If you read through, you’ll find that none of the named ‘brothers’ were sons of Mary.
If you read the story of Abraham in the book of Genesis, you will hear Abraham refer to his nephew Lot as his brother. Yet he is his nephew.
The earliest extent gospels were likely written in 1st century Aramaic. That language then had a much more fluid understanding of terms like brother, sister, kinsman, etc. Often a person would be called a brother or a kinsman and not be even remotely related, but there would be a kinship ‘bond’.
Now here is the kicker for you. In Scripture we have the following passage: Acts 1: [12] Then they returned to Jerusalem from the mount that is called Olivet, which is nigh Jerusalem, within a sabbath day’s journey. [13] And when they were come in, they went up into an upper room, where abode Peter and John, James and Andrew, Philip and Thomas, Bartholomew and Matthew, James of Alpheus, and Simon Zelotes, and Jude the brother of James. [14] All these were persevering with one mind in prayer with the women, and Mary the mother of Jesus, and with his brethren. [15] In those days Peter rising up in the midst of the brethren, said: (now the number of persons together was about an hundred and twenty
Are all these 120 people brothers of Jesus? But Scripture
says, Mary the mother of Jesus, ‘and his brethren’. Note that it doesn’t say, “Mary, mother of Jesus and his 120 brothers”; it says, "Mary the Mother of Jesus. . .then there is a ‘break, "and his brethren.’ 120 of them more or less.
Scripture also notes in Luke that when Jesus was lost in the temple at age 12, Mary and Joseph returned to search for Him. Alone.

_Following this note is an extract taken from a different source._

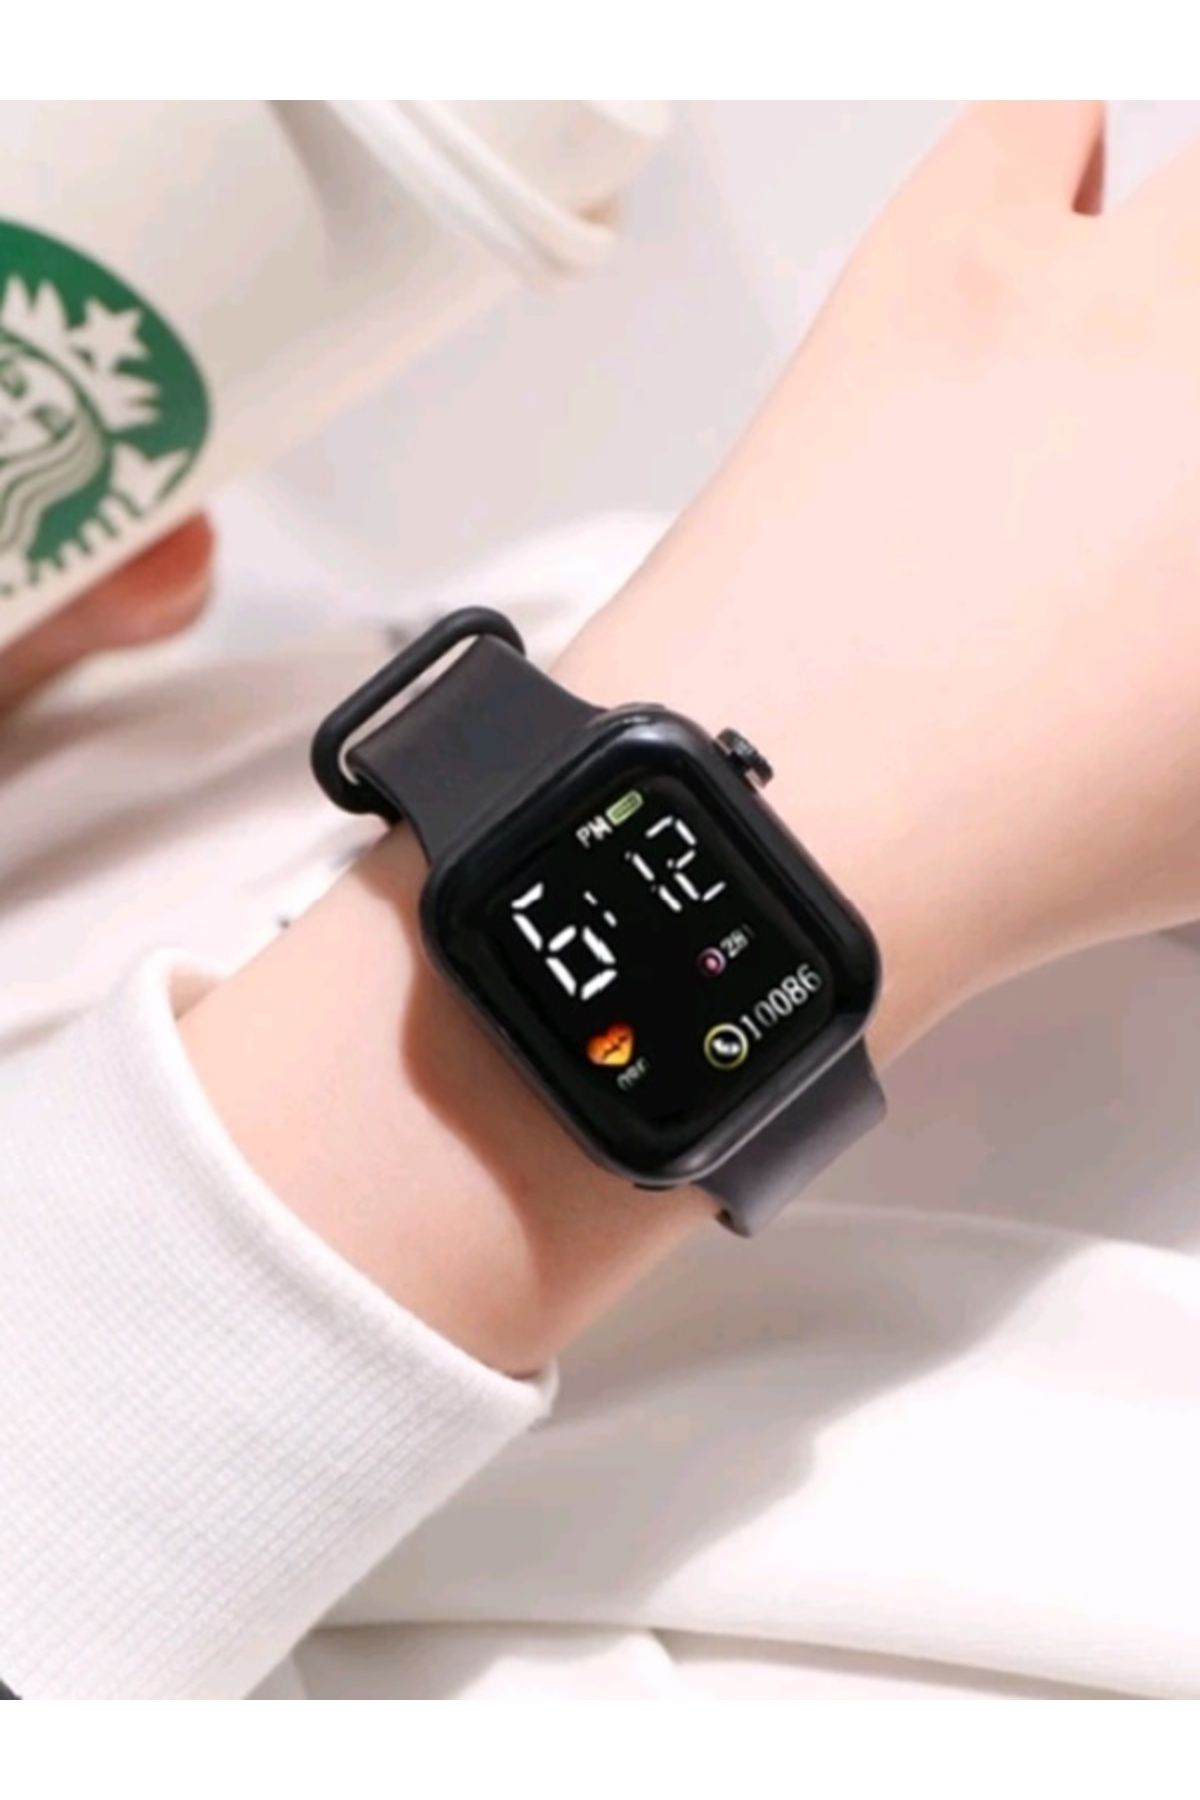 Shisa Jewel Siyah elektronik C002 kol saati LED dijital akıllı spor izle aydınlık kare arama kadın için. (60)

Not “Mary, Joseph, and Jesus’ brothers and sisters returned to search for Him”.
And Scripture records that Jesus began His ministry at about age 30. From that point there is no mention of Joseph, who had presumably died.
So Mary would have had to get pregnant starting when Jesus was 12, finishing when He was thirty, and give birth to 120 brothers (and obviously a few ‘sisters’ as they were mentioned) in a total of 18 years.
The oldest of Jesus’ ‘brethren’ by this ‘logic’ would have been 21 at BEST, and some of his brethren as young as 2, assuming a posthumous birth 9 months after Joseph’s death. . .
Still with a bar mitzvah at 13, there would have been a crowd of 13 to 21 year old men by this passage. And attending with the apostles, so a ‘part’ of those who followed Jesus.
So why did Jesus assign His (and presumably ‘their’) mother to ST. JOHN who was not related?
Out of fear that his brothers would be killed? Um, wasn’t St. John, who was older and had been more involved in ministry, an even BIGGER target?
The whole ‘brothers and sisters of Jesus’ simply does not make sense. The idea that He had uterine siblings was never even considered in Christian teaching until around 500 years ago when some arrogant soul read ‘brothers’ and assumed it meant ‘uterine’ and tried to yank and twist Christianity to reflect that teaching.